L’église est primitivement et historiquement la gardienne de l’institution de l’eucharistie, la pierre de touche sur laquelle elle repose. A partir de là elle peut évoluer en deux directions :
- soit elle cherche à disposer de ce trésor en lui-même, à le circonscrire et l’enfermer en quelque sorte, à en faire un objet, simple prédicat du sujet réel qui est le Christ.
- soit elle considère qu’elle « est » au sens ontologique le plus fort ce trésor lui-même qui est vivant et cherche à croître spontanément.
Cela donne deux états d’esprit et deux méthodes :
- soit un “contrat” initial un peu idyllique, une vision très optimiste et juridique du chemin assortie d’une certitude formelle de résultats (le baptême qui fonctionne soit disant à tous les coups, la fable que juste aller à la messe suffit pour obtenir les dons de l’Esprit avec la pseudo certitude de se situer du “bon côté” au paradis).
- soit une situation de base reliée à notre désorientation fondamentale, une absence de caractéristiques absolues dans la voie et une incertitude sur l’obtention de quoi que ce soit.
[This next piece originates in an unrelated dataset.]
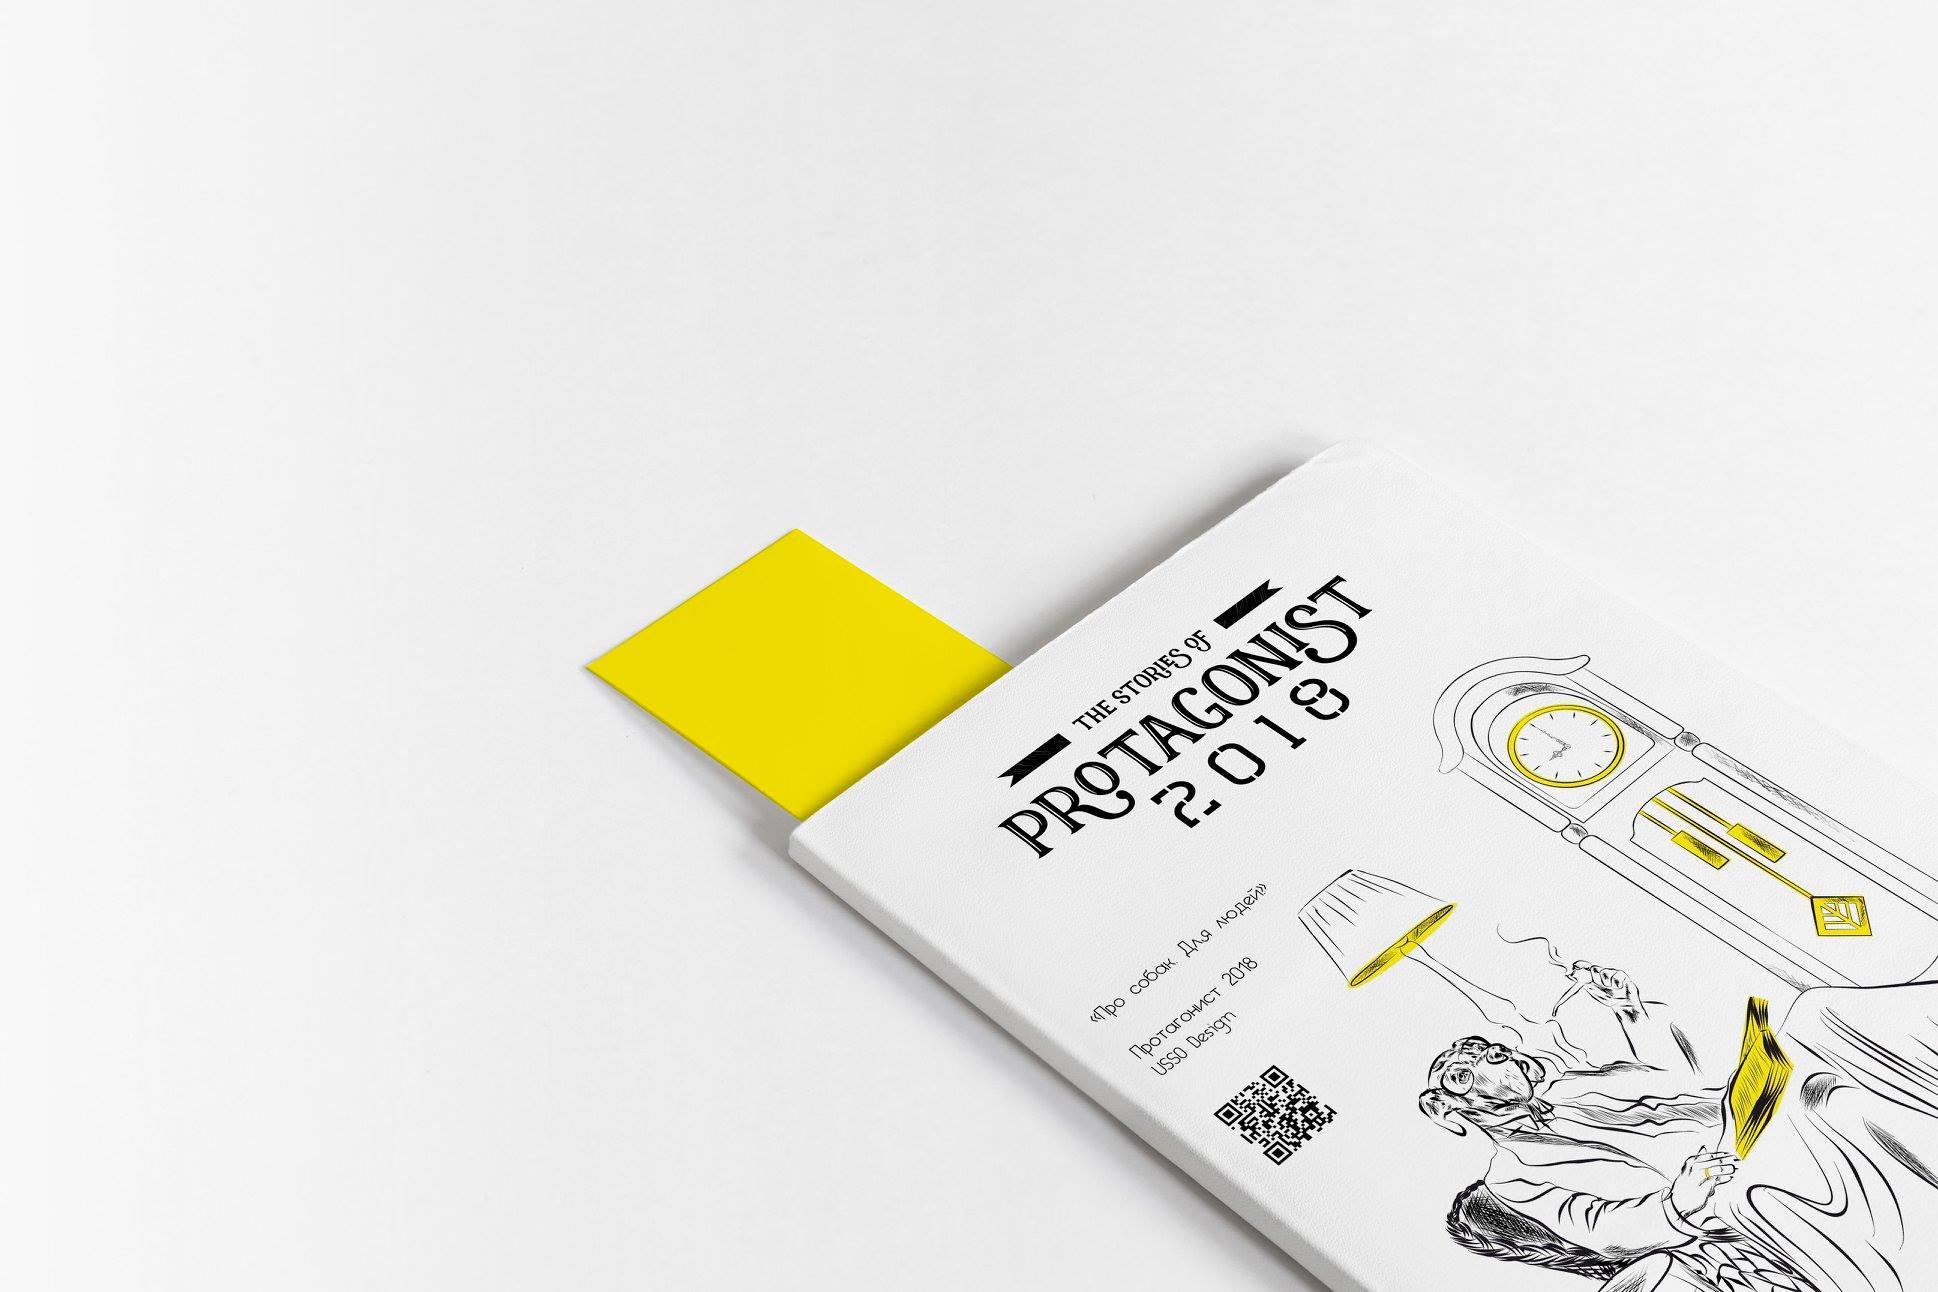 Корпоративный календарь PROTAGONIST компании USSO DESIGN на 2018 год

En termes de parcours amoureux, on a la situation réelle d’un engagement basé sur une confiance mutuelle et une “foi” mais sans certitude absolue que cela va fonctionner, et de l'autre côté l’illusion qu’un contrat avec des règles strictes va garantir qu’on va pouvoir disposer pour toujours de quelque chose.
Suivant que l’église « penche » et oscille plus d’un côté ou de l’autre (l’être ou l’avoir si on schématise), il en résulte quelque chose de complètement différent et même carrément opposé. Il est aisé de voir que les saints forment le « corps mystique » de l’église et sont reliés à cet aspect vivant et en croissance perpétuelle. En fait ils forment ce corps même sur lequel les pécheurs peuvent venir s’agréger par leur prière.
Dès le début et sa constitution primitive, les deux forces jouent dans le sein de l’Eglise comme antagonismes. Il est facile de constater qu’elle est celle qui a écrasé l’autre aujourd’hui, puisque le résultat repose sous nos yeux en permanence. Il se traduit par le discours type comme quoi « nous sommes déjà sauvés et tout est parfait tel quel » très différent du verbe régénérateur et de la parole créatrice...
Or, vouloir "être sauvé" consiste quelque part à vouloir "avoir dieu" (faire du sujet un prédicat et un objet selon la « connaissance propositionnelle ») tandis que vouloir "aimer Dieu" c'est désirer devenir semblable à Lui (connaissance par identité).
Cette fameuse "connaissance par identité" (qu'on peut distinguer avec précision des autres types de connaissance) part pour l'homme de la constatation factuelle de sa misère partagée avec le Genre Humain (ce n’est pas une connaissance particulière, empirique, propositionnelle du type « je sais que x ou y » ou fondée sur la mémoire ou une connaissance abstraite, formelle et logique). Elle est de ce fait réellement commune à tout le monde, pragmatique et existentielle même si son contenu est pauvre et un rien. Il se résume à cette formule : « je suis un néant, une créature misérable placé en face de l’infini et au milieu du vide ».
Alors, je peux commencer à "co-naître" d’une façon vivante. Cette connaissance est masquée parce qu'au départ notre organisme est construit soit pour acquérir des savoirs momifiés qui vont venir s’accumuler par strates successives à partir d'un supposé savoir antérieur (qui donne naissance à la force contraire de se débarrasser de trop de savoir vécu comme une charge, un fardeau pesant et contraignant). Il ne « pense » pas à partir de l’unique chose univoque et partagée par tous : la condition de faiblesse, d’incertitude et de manque.
Mais la "gnose" authentique part de ce point de départ commun, à partir de quoi l’être humain peut commencer à connaître d'autres choses, d'autres être par leur "raisons séminales" comme on disait autrefois (« logos spermatikos » ou pouvoir de faire germer une chose, un être, un phénomène). Cela conduit à une contemplation naturelle des signes de la nature qui bien conduite peut mener à la contemplation surnaturelle de leurs racines au Ciel suivant une progression graduelle et harmonieuse. C’est un autre point de départ, une nouvelle naissance.